Many attorneys ceased taking new bankruptcy cases when the law came into effect.
Under the old rules, Chapter 13 bankruptcy filers were required to pay all disposable income into their repayment plan, meaning that any money left from their income after paying actual expenses went to pay their creditors. However, the new system changes the definition of disposable income. As discussed earlier, disposable income is no longer based on the filer’s actual expenses; rather, it is based on the IRS "allowable expenses" chart. The IRS allowances are much lower than actual costs, in many cases. Also, remember that the "allowable expenses" are not subtracted from the debtor’s actual income at the time of the filing, but rather the average income for the preceding six months. Therefore, filers could end up being required to pay more into their Chapter 13 plan than they actually earn in a given month!
This means that more consumers are forced into Chapter 13 than Chapter 7, and in the new rules many consumers will now be forced to repay more under the new Chapter 13 rules than in years past.
Under the old system, the property of Chapter 7 filers was valued at what property could bring at auction. Therefore, items such as furniture, heirlooms, cars, and other personal property were assigned little value. This meant that property fell within the property exemptions allowed by most states, meaning the property could not be taken to repay creditors.
However, under the new law, the filer’s property is valued at the cost of replacement at retail, taking into consideration age and condition. This new rule greatly increases the purported value of the property, making it much more difficult for debtors to exempt their property from the trustee taking it to repay creditors — which means more furniture and other assets could be seized and sold under the new system.

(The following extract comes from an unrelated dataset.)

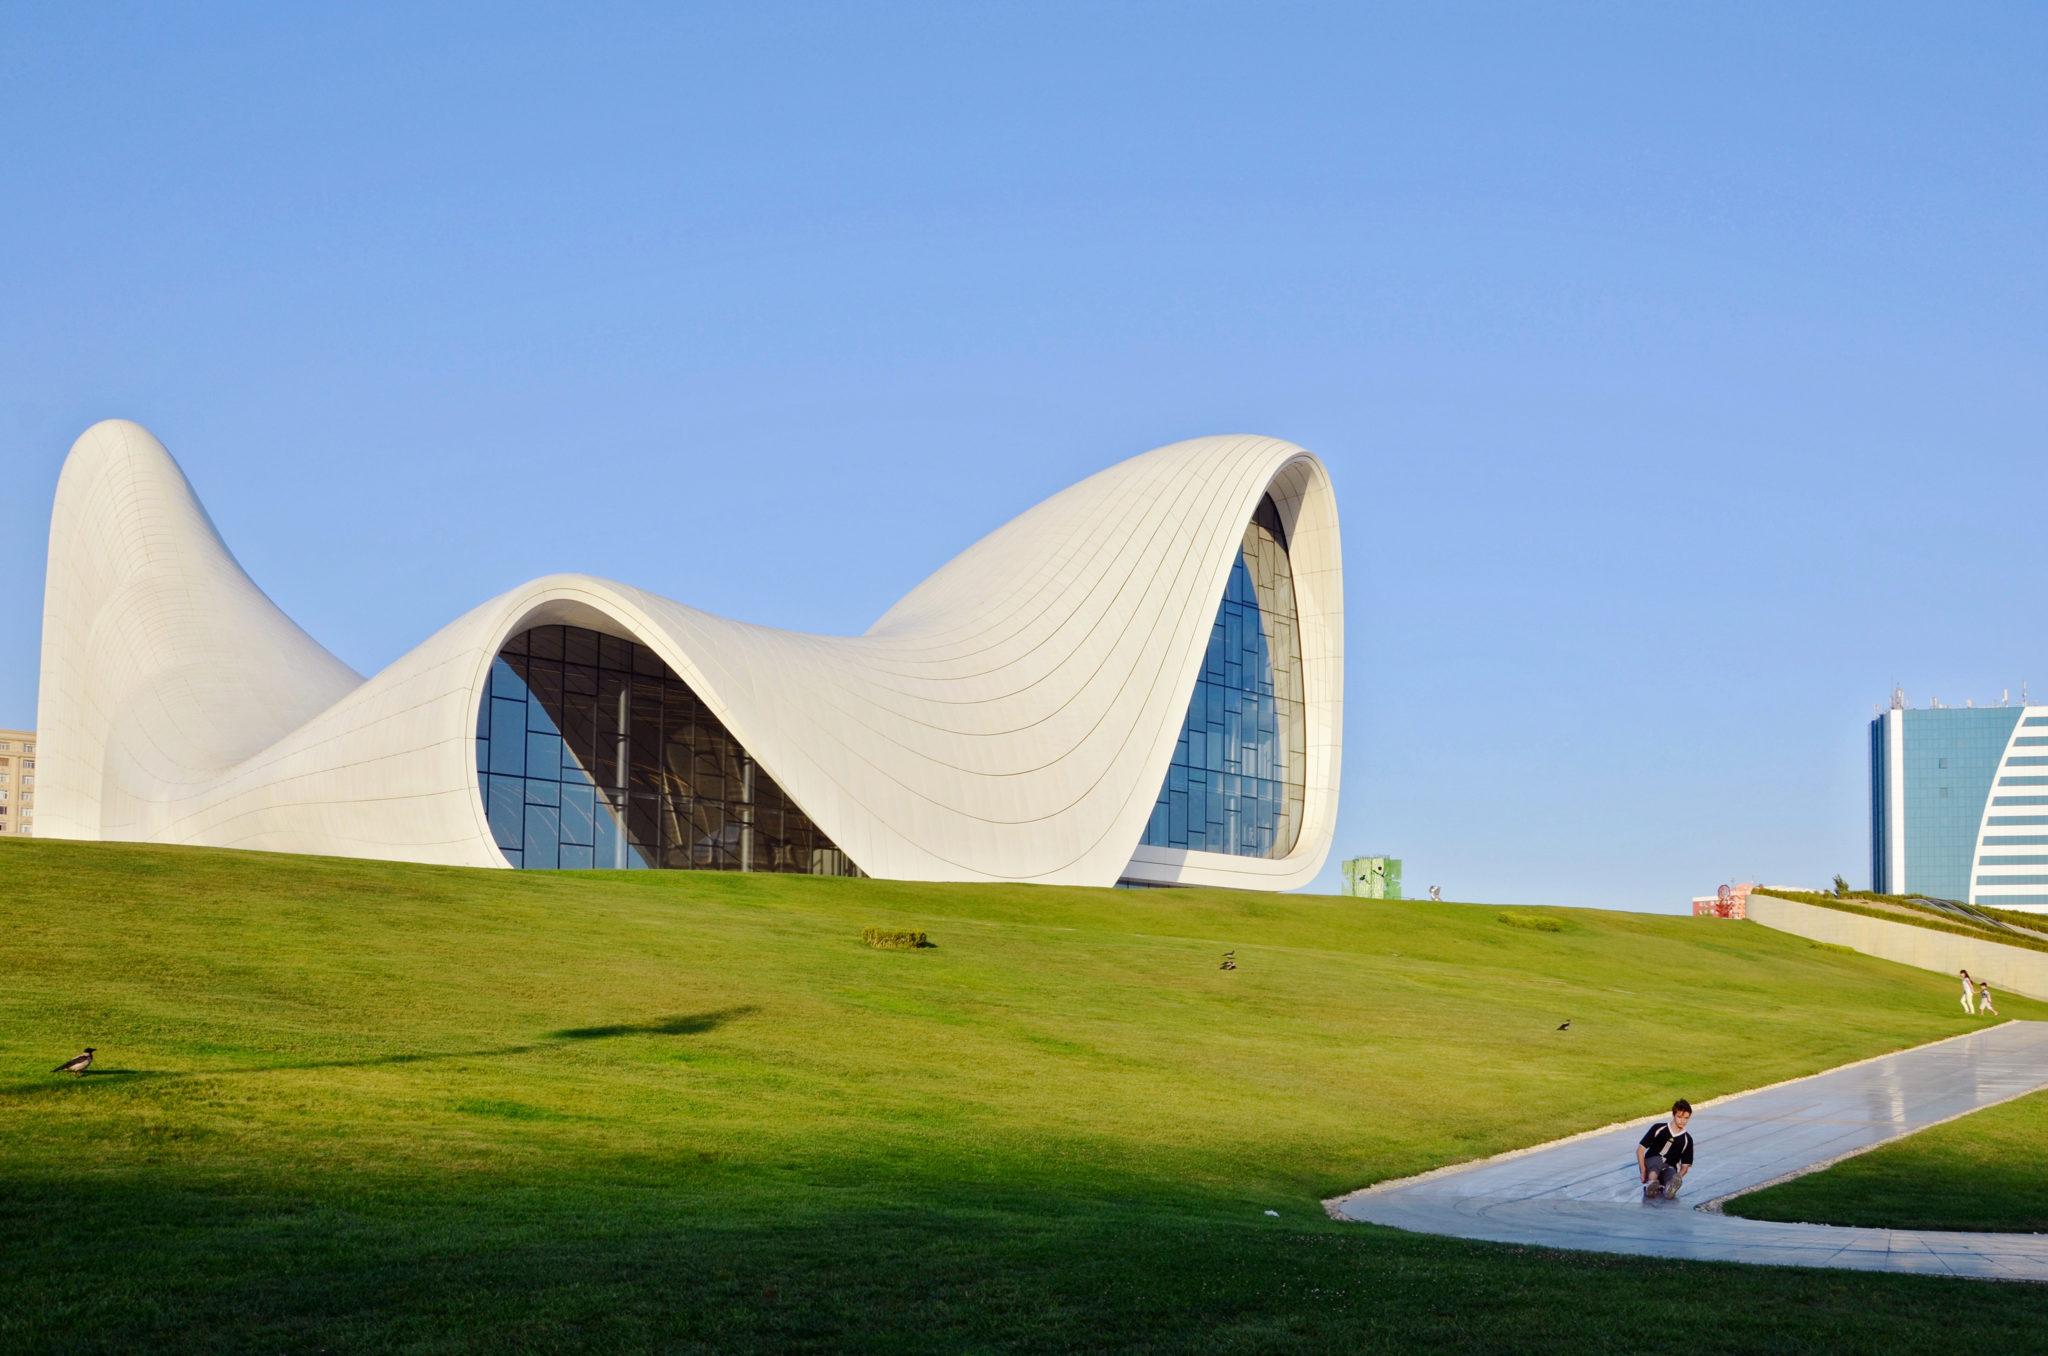 Heydar Aliyev Center von Architektin Zaha Hadid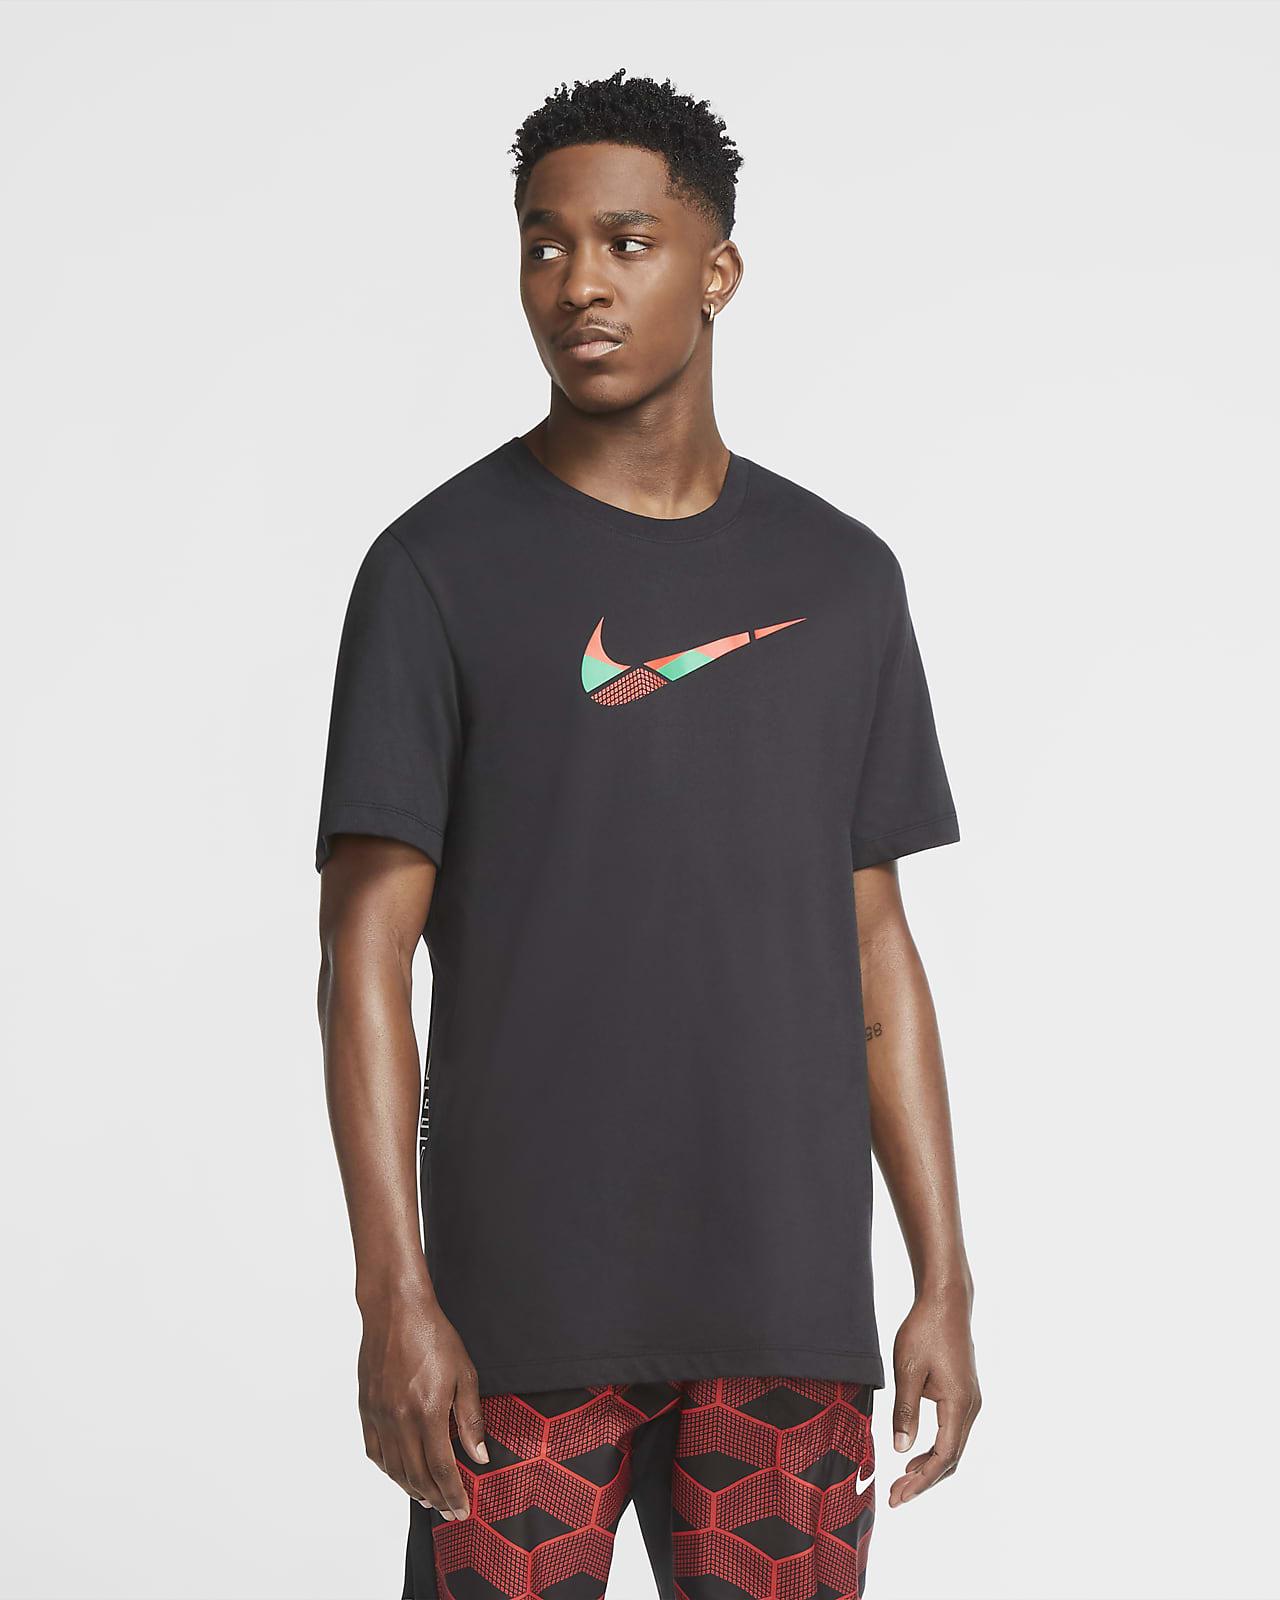 Nike Team Kenya Dri-FIT Running T-Shirt

Under the old system, filers were able to use the personal property exemptions of the state where they lived, as long as they had lived there for at least three months. Now, filers must live in their new state for two full years before they can use the state’s personal property exemptions. In order to use the homestead exemption of their new state, filers must have lived in the state for 40 months. This new law was designed to thwart bankruptcy filers’ moving to a state with more favorable exemption laws in order to file bankruptcy using that state’s exemptions.
The 2005 law made it harder than before to file for Chapter 7 bankruptcy protection, and the alternative solution of a Chapter 13 bankruptcy is more costly than before 2005.